Nacional parecía aturdido, sin entender cómo era que ese rival se le crecía en su estadio. La afición buscaba con binoculares a Pabón, buscaban con telescopio a Jarlan, ¿dónde están? ¿Están? ¿Vinieron? Banguero creaba problemas sin mucha ayuda. Tuvo que venir Cristian Zapata desde la retaguardia para empujar a los suyos con violento remate, entonces en Nacional supieron que en frente, además, había un arquerazo, Moreno. Antes de terminar la primera parte, el atrevido Cataño casi anota un gol olímpico que dejó al portero exigido, en el piso, maltratado.
En las tribunas clamaban que reaccionaran, ya no preguntaban por el paradero de Dorlan, lo reclamaban, y Dorlan se sacudió con un remate en llamas, el portero Moreno se encandiló con esa pelota de fuego que lo quemó, se le escapó, y tuvo que reaccionar para extinguir en la raya esa pelota que ya iba camino a incendiar la red.
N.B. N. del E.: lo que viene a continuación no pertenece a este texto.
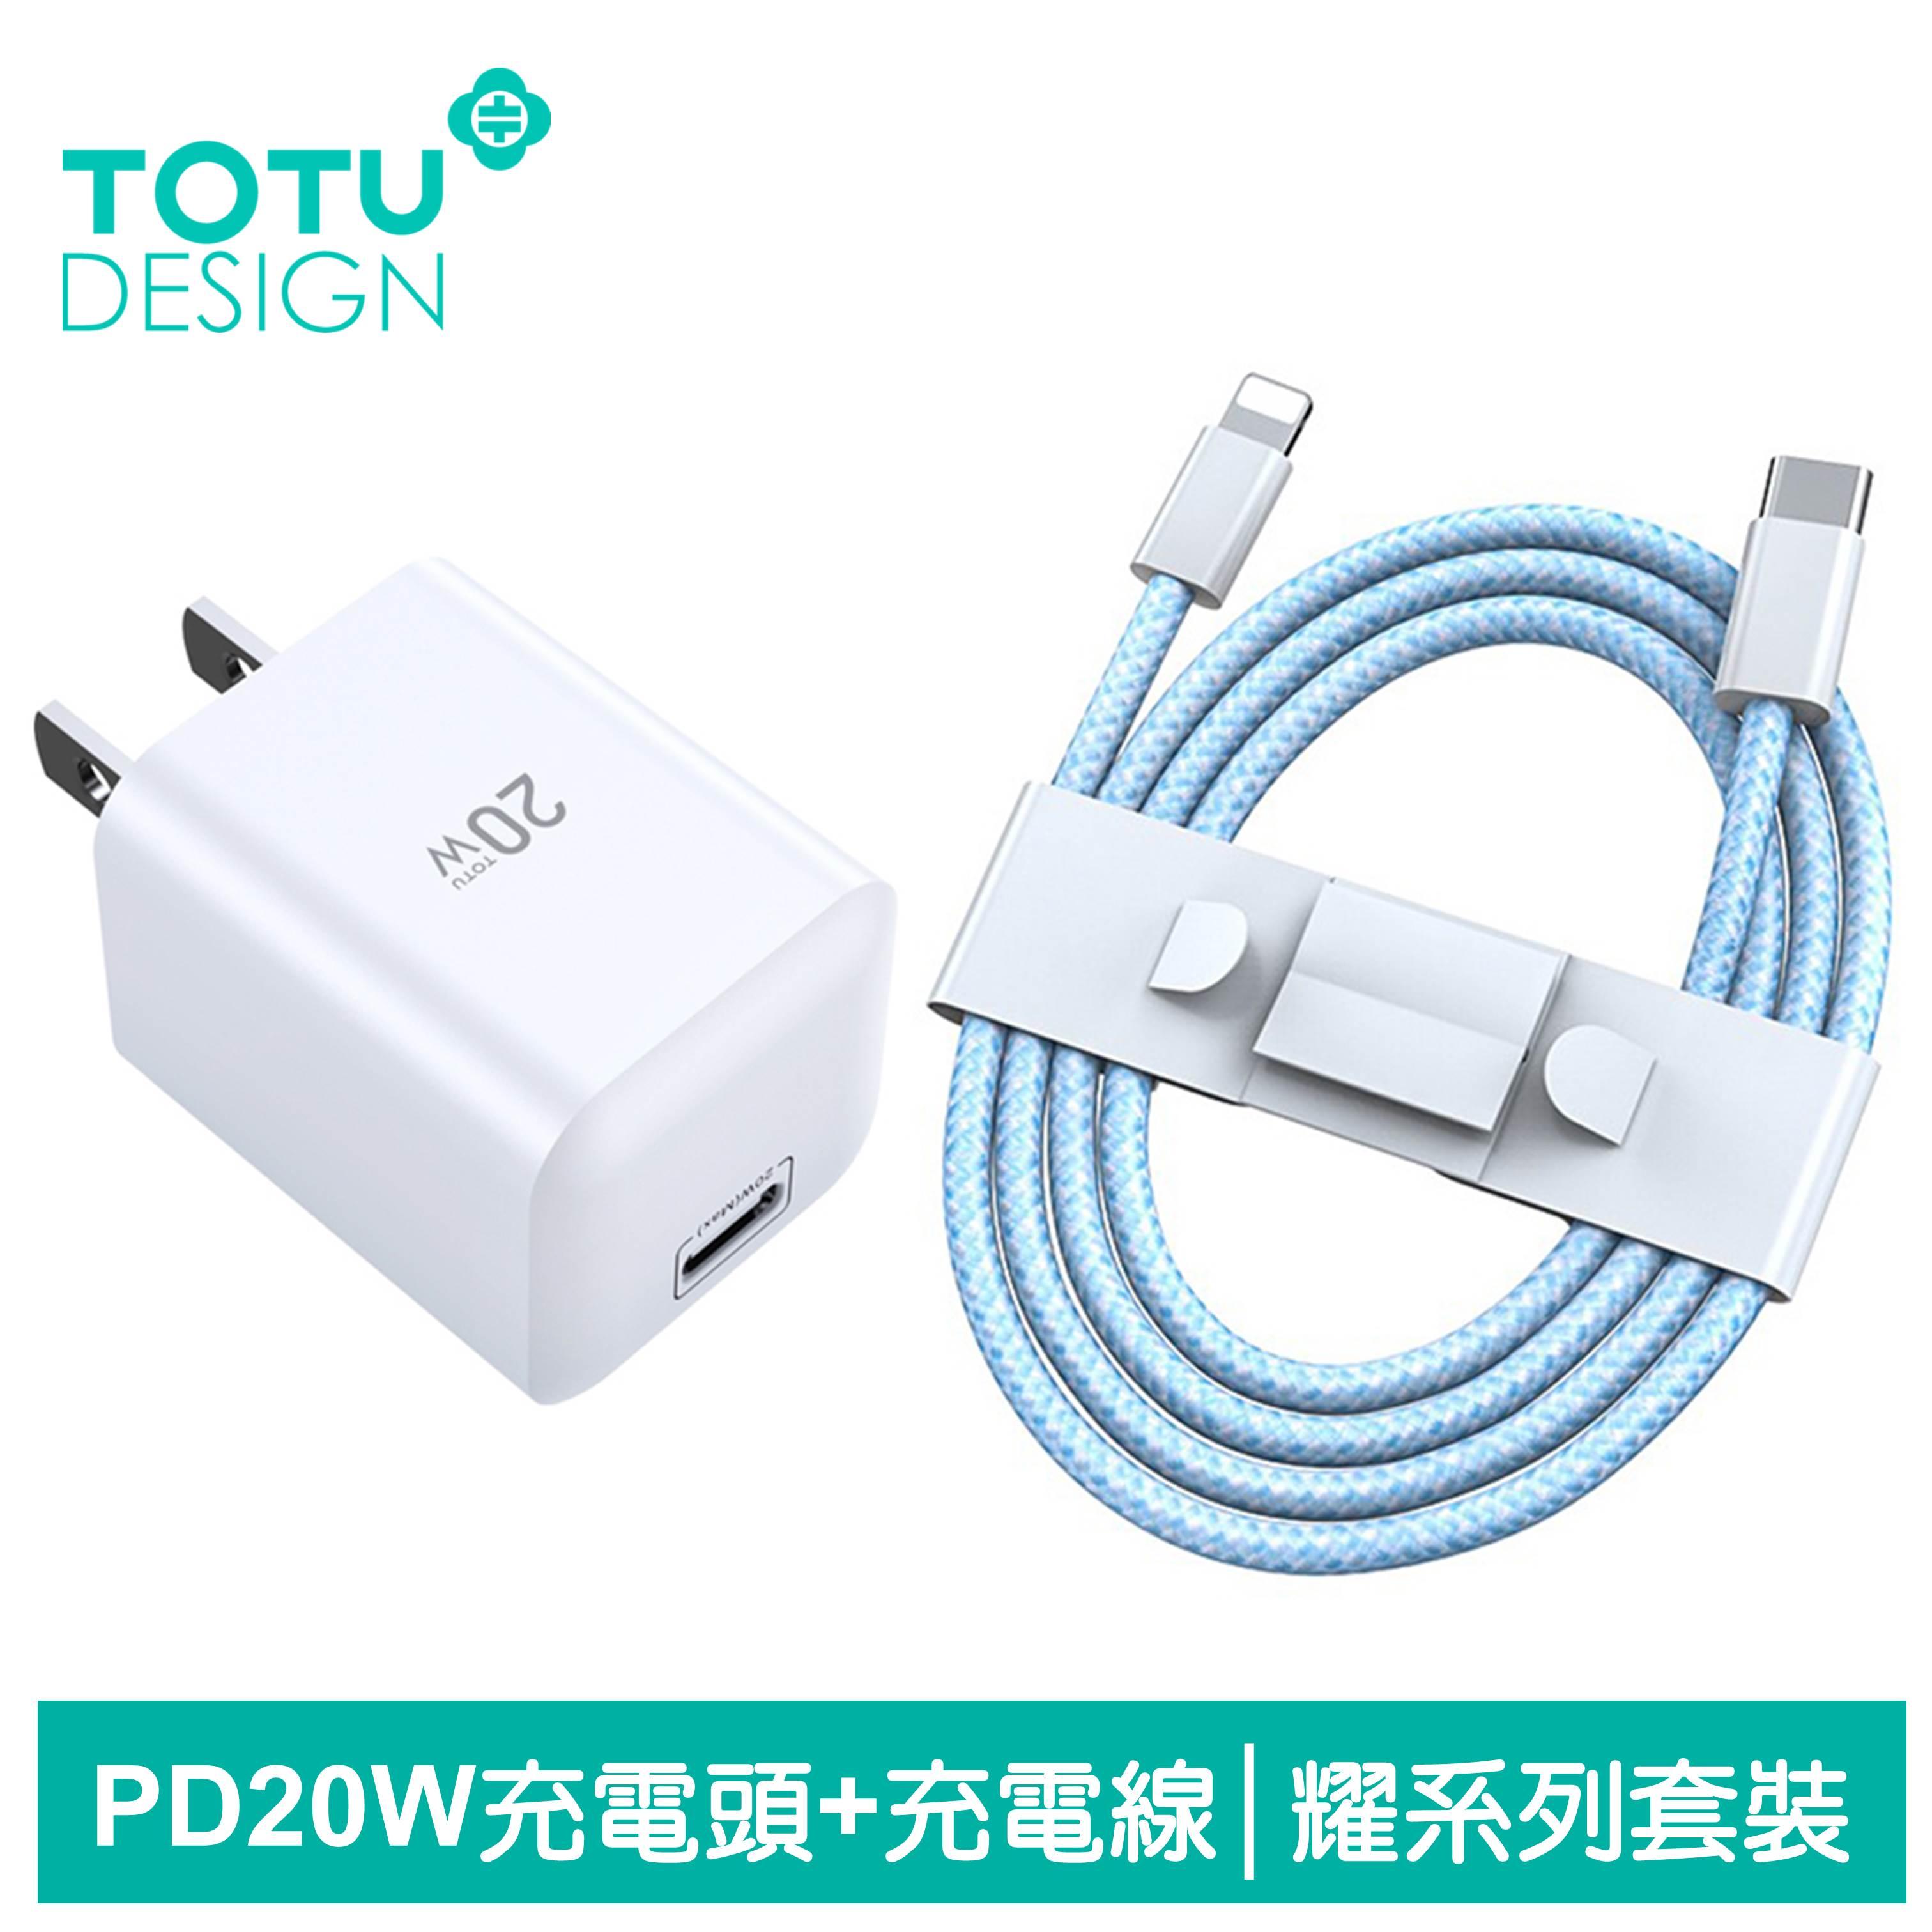 TOTU台灣官方 PD/iPhone充電線充電器充電頭傳輸線快充線快充頭 20W 耀彩套裝 白色頭+藍色線

Nacional, en todo caso, era un Nacional a medias, sin poder: un verde desteñido. Millonarios era su mejor versión. Un azul vivo.
En la segunda parte Pabón quiso desquite y dinamitó al arco de Millos con un tiro libre abajo, al palo donde esperaba Moreno.De lo poco para el verde, de lo único.
Luego empezó su cruel lucha con el reloj, Nacional no quería empate, pero casi pierde cuando Mackalister hizo rozar la pelota con el travesaño en otro ataque de fantasía.
Si Millonarios se animaba un poquito más, quizá lo ganaba. Se vio mejor, se vio más fuerte. Nacional dejó un mal sabor, y por eso cuando el partido se acabó, los hinchas locales quedaron con esa sensación de angustia, eso de saber que pudo ser peor y que falta ir a Bogotá a pelear la estrella.